From its early days as a forest reserve nearly a hundred years ago and gaining official status in 1970, Kasungu National Park has grown to be the second-largest national park in Malawi. Lying in the central region of the country, the Park shares a western border with neighbouring Zambia.
Kasungu has mixed vegetation consisting of Miombo woodland and open, rolling grasslands. The Dwanga and Lingadzi Rivers are the lifeline of its fauna and flora and have created various dambos, as the grassy river channels are known.
The Lifupa is a tributary of the Lingadzi and where it dams, large numbers of hippos tend to congregate. A range of wildlife, including more than 110 mammals and 370 bird species, make for excellent game viewing.
Kasungu offers more than just an array of animal and plant species. Visitors can also explore a handful of prehistoric sites, and if the legs need some stretching, the views from the top of Black Rock will be soothing to the eyes.
Being close to the country’s capital, Lilongwe, (less than 200km) makes access to Kasungu relatively easy—either via self-drive or pre-arranged transport. Travellers should be aware that around March, roads become inaccessible due to heavy rains and the park closes down.
Around 112 mammals, 370 birds, 47 reptiles, 34 amphibians, and 31 fish species are part of the ecosystem in Kasungu. Most noteworthy is the park’s elephant and hippo populations, while African wild dogs are seemingly making a comeback. As darkness descends, the familiar sounds of jackals and hyenas can be heard with the occasional rasp of a leopard in between. During the day, scattered herds of buffalo, zebra, judo, sable, and roan antelope can be seen.
Warmer weather prevails in Kasungu from September to May, with cooler conditions between June and August.
The dry season, from August to November, is the best time to visit for optimum game viewing as lower water levels force animals to the water holes. This is in contrast to March, and sometimes earlier, when the park is closed due to heavy rain making the untarred roads too slippery.
For the best birding, visitors can arrange a trip between June and September when many species migrate to the park. The wildflowers come to life between November and February.
Although guided game drives are available, it is possible to explore Kasungu solo, with a good map. Birdwatching, hiking, guided walks, night drives, and photography form part of the safari activities on offer.
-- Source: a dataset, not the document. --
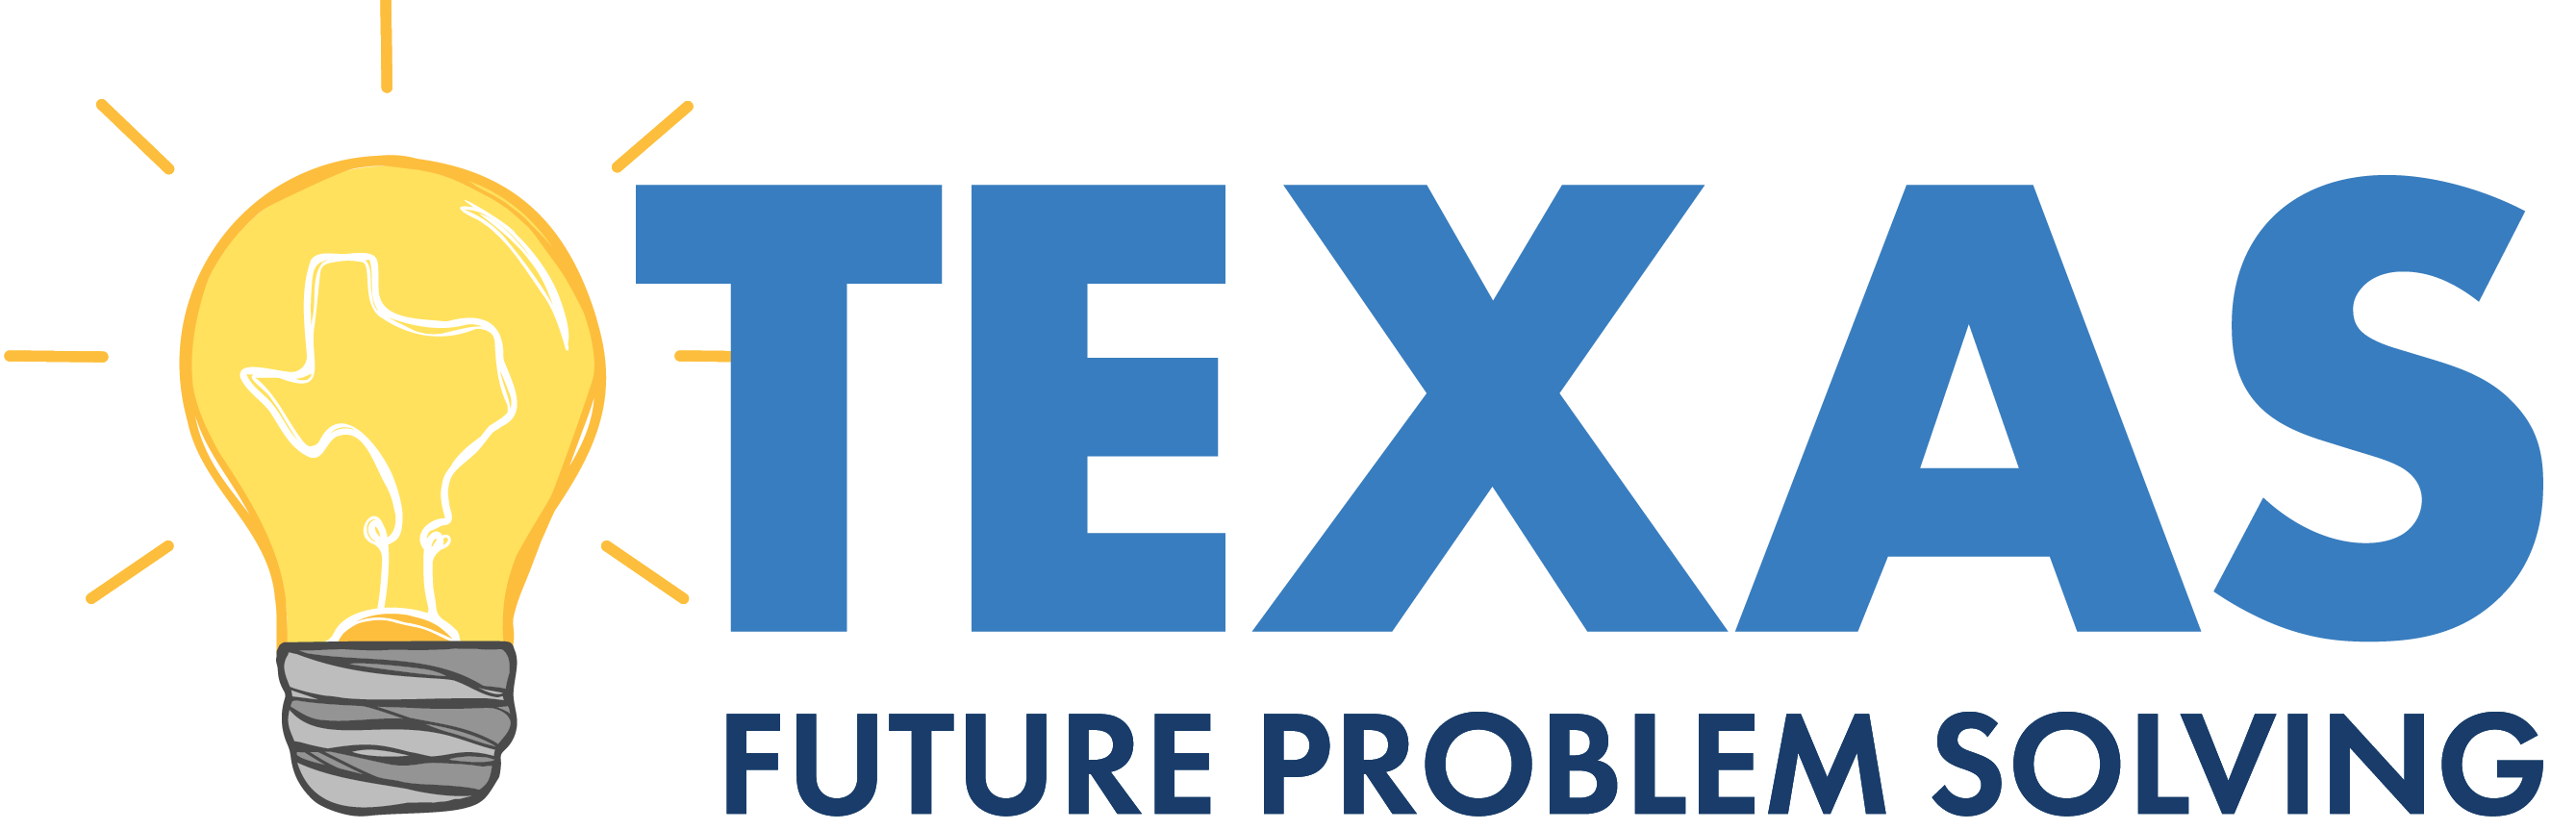 texas future problem solving program

For the more adventures souls, there is the opportunity to climb Miondwe, Wang’ombe Rumen, Singwe, and Chipiri Hills for expansive views of the park.
Most of the accommodation in Kasungu is situated close to the main entrance gate, making for easy access. Options include an upmarket lodge for the discerning traveller, while traditional camping sites, as well as self-catering tented camps, are available for those who prefer the more traditional safari experience.